Is privacy important because entities (people, corporations, governments, etc.) cannot be trusted to use the information properly? What does using information properly mean? Is this why regulations and legislation are needed - to define proper use of information?
Information is something that has, or is seen to have, value and may have a context in which the information is obtained or used. The value of the information may change depeding on the context in which it is obtained or used. In the context of this lecture if I say "two", then you probably cannot fathom how to make use of it - it appears to have no value; it probably isn't information.
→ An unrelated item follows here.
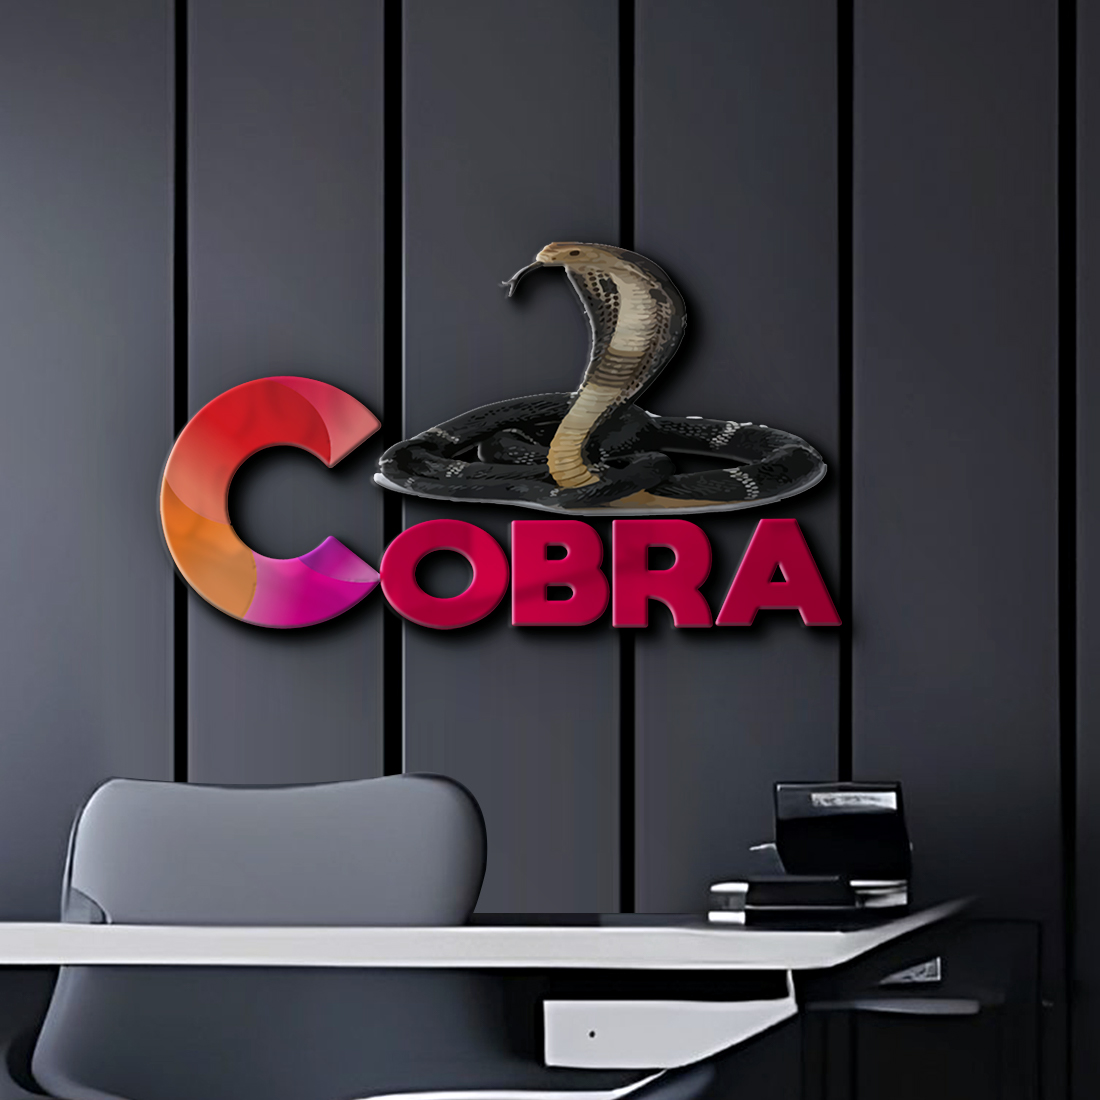 cobra preview image.

Consider, instead, that again in the context of this lecture, I
state "In the exam, the answer to question 4 is 'two'". Suddenly, that
statement has considerable value. Not only can you use it to you own
advantage (to help you to pass an exam), but you can also perhaps sell
the information to other students who are not at this lecture, but who
will be sitting for the exam. Although a public announcement of the
statement may remove any monetary profit that can be made from
transactions involving the information, those sitting for the exam will
still profit in other ways.
Scenarios
Consider the following scenarios:
In each scenario, the information has been obtained in one context; the information may have value to the entity which obtained the information initially; the information may also have value to third-parties; the information may be traded or simply made available (intentionally, or otherwise) to third-parties; third-parties may obtain the information for use in a context which is different from the one in which it was obtained; you may be advantaged or disadvantaged by the disclosure of information.
Is it a only a problem if the information is "sensitive" (in some way) and can be used against you?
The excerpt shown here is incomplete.